We (can hopefully) assume that most people are inherently risk averse when it comes to their work environment. We perform our duties with good intentions and expect our relevant skills and experience to keep us from exposing our business to unnecessary risk as this will have an impact on our own brand as well as the organisation in some way, shape or form. In fact, we could propose that in many cases when an employee does expose their business to risk this is because they are unaware of the potential consequences of their actions, which talks to possible breakdowns in the internal awareness training and control environment (think of a tekkie posting a question on a Forum asking for troubleshooting advice and including the specifics of hardware, software and network configuration).
If entrusting everyone to do their roles as we expect was a feasible risk management approach, then there would be little use for the assurance providers and risk managers in an organisation. Sadly this is not the case, and despite our best intentions we may not always identify risks in our own actions. The level of risk may increase over time, starting at an acceptable level, but then rise due to a range of factors such as more reliance placed on an individual, business process changes or external events. The danger is that this could happen without management being aware.
Identification of risk and monitoring of control effectiveness are key roles to work in conjunction with operations. Often those working in the operational roles may become blinded to risk identification as they are (correctly) focused on their operational activities and often not the bigger picture.
For example, a DBA managing a set of systems may prove to be exceptional in managing, optimising and controlling her databases, and thus management assigns more databases to her portfolio. As the number of databases under her management increase, so too could the amount of critical or sensitive information within her reach. Management understands that this information requires additional controls, and tasks the DBA to build in a robust monitoring solution.
An independent party (e.g. second or third line of defence) will easily pick up that the person responsible for managing the database environment is also the same person responsible for securing it. This lack of segregation of roles may be overlooked by management due to the trust element and high performance of the DBA in question. Despite this the scenario still presents a threat to the organisation by providing an opportunity and method for malicious activity to be executed without detection. All that is required is motivation (which could take many forms) and the risk becomes very real.

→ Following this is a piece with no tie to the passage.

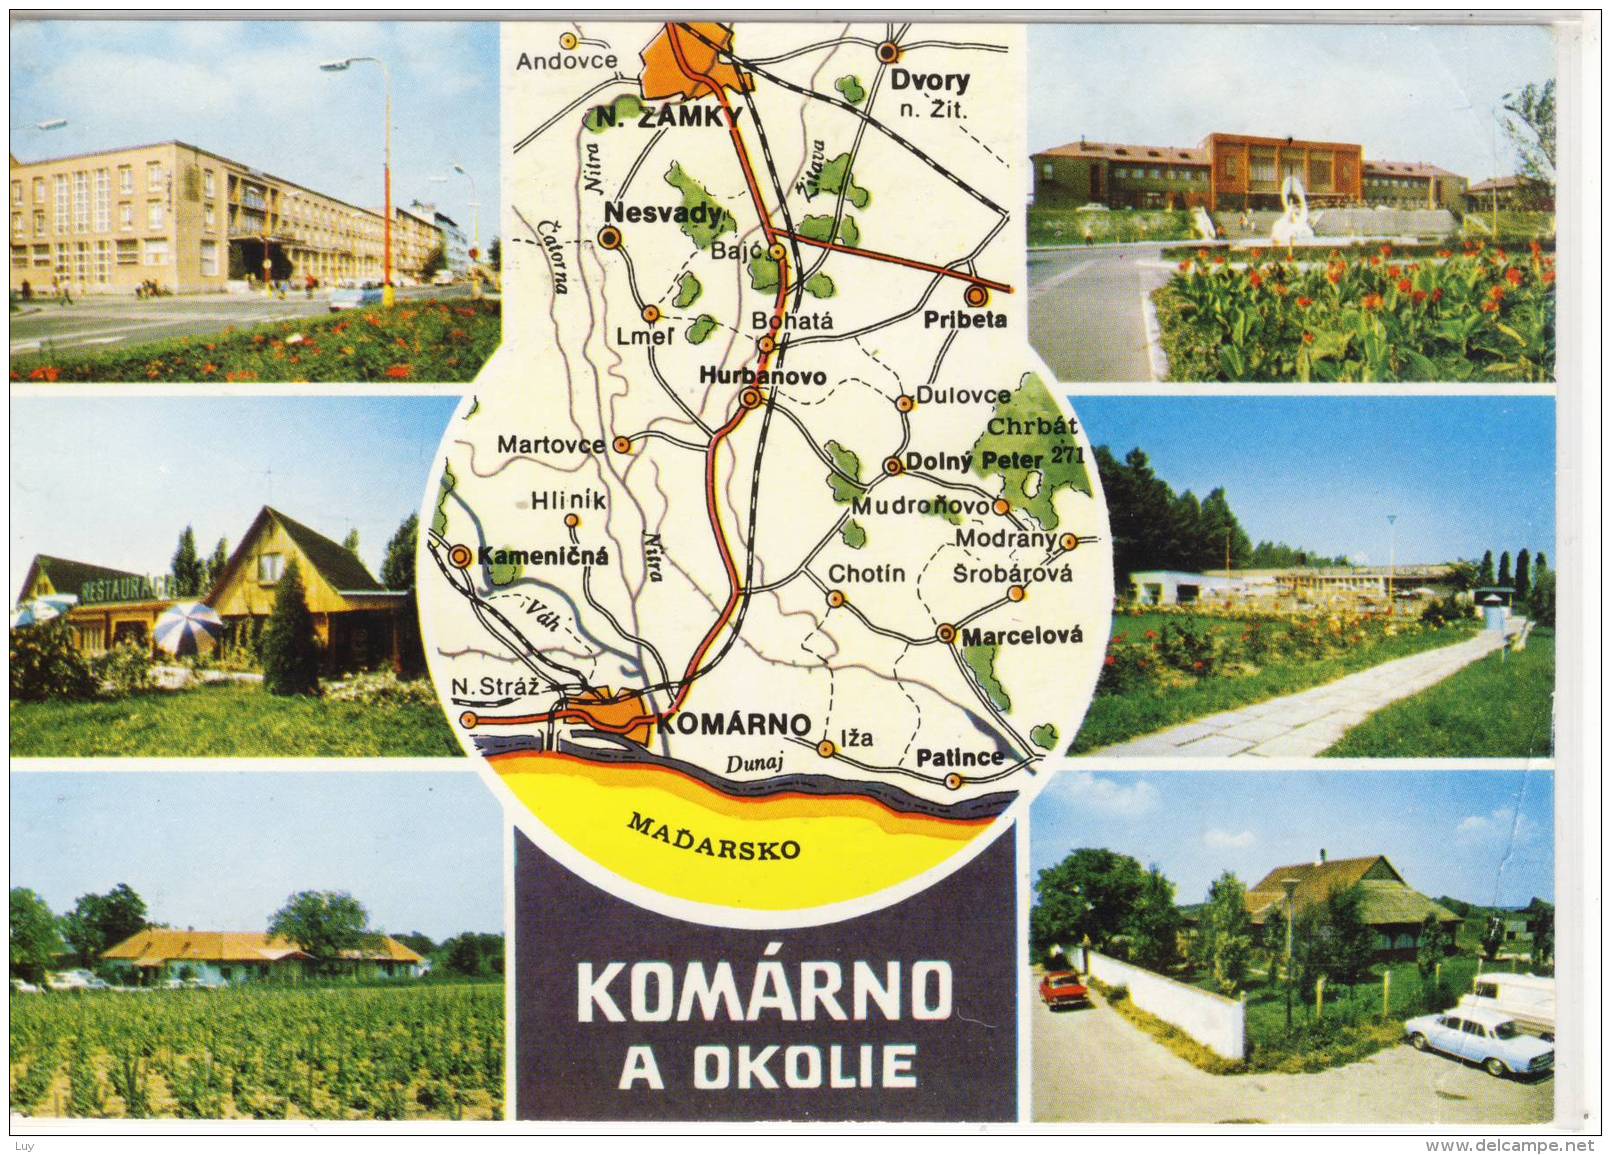 KOMÁRNO A Okolie - Hotel Európa, Nova Straz - Restauracia, Patince - Restauracia Thermal ..... - Slowakije
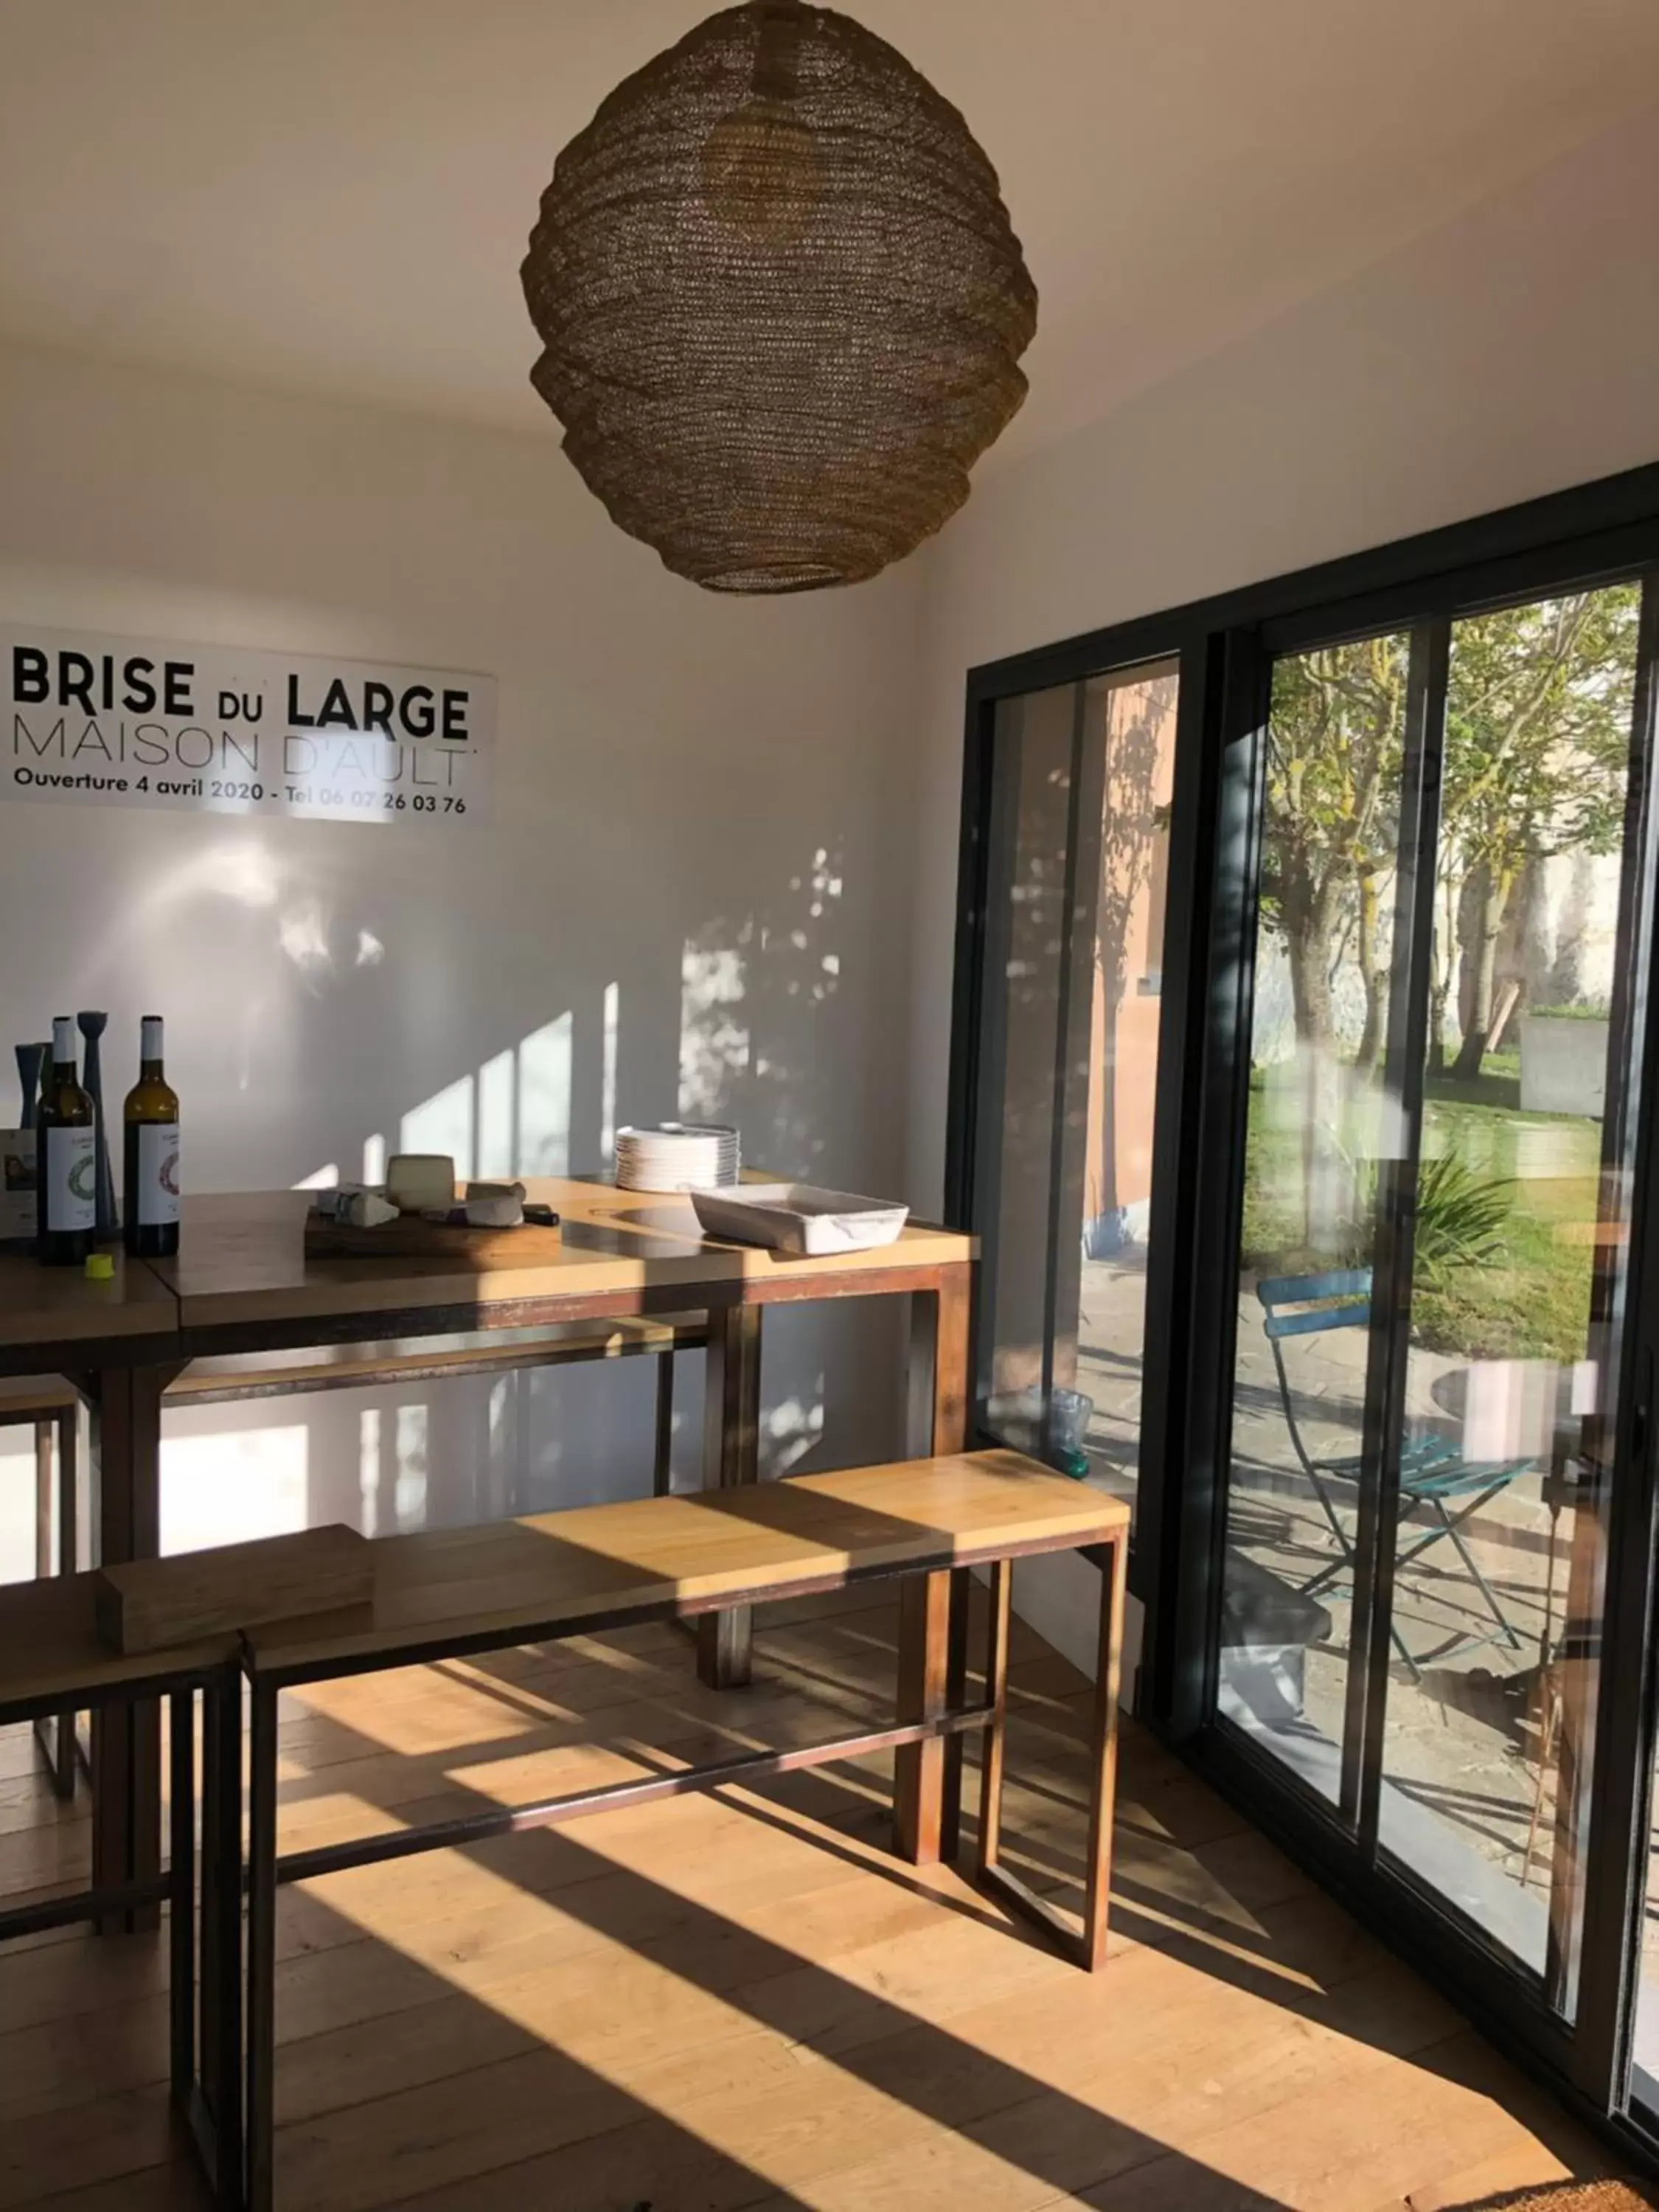 Restaurant/Places to Eat in Brise du Large - Maison d'Ault

My point is that everyone has a role to play in identifying and managing risks while allowing the business to perform efficiently. The operations team in this instance must acknowledge that the independent risk managers have correctly identified a risk that needs to be managed.
On the other end of the scale it is also easy for risk managers to err on the side of caution and to avoid risk rather than looking to manage it. It is forgivable to be cautious in the current economic environment, but this stifling of management’s intentions could also have a negative impact on the bottom line as opportunities could be missed.
We can’t expect everyone to be experts in both operations and risk management, as each side needs to have a deep understanding of their areas within the context of the business. Rather, it is a fundamental requirement to establish a trusted environment between the disciplines through identifying the relationships and tensions that exist between the various teams. In this way the business can prevent each discipline from restricting the other’s effectiveness, as in the end both are equally important to support and sustain the organisation’s strategy.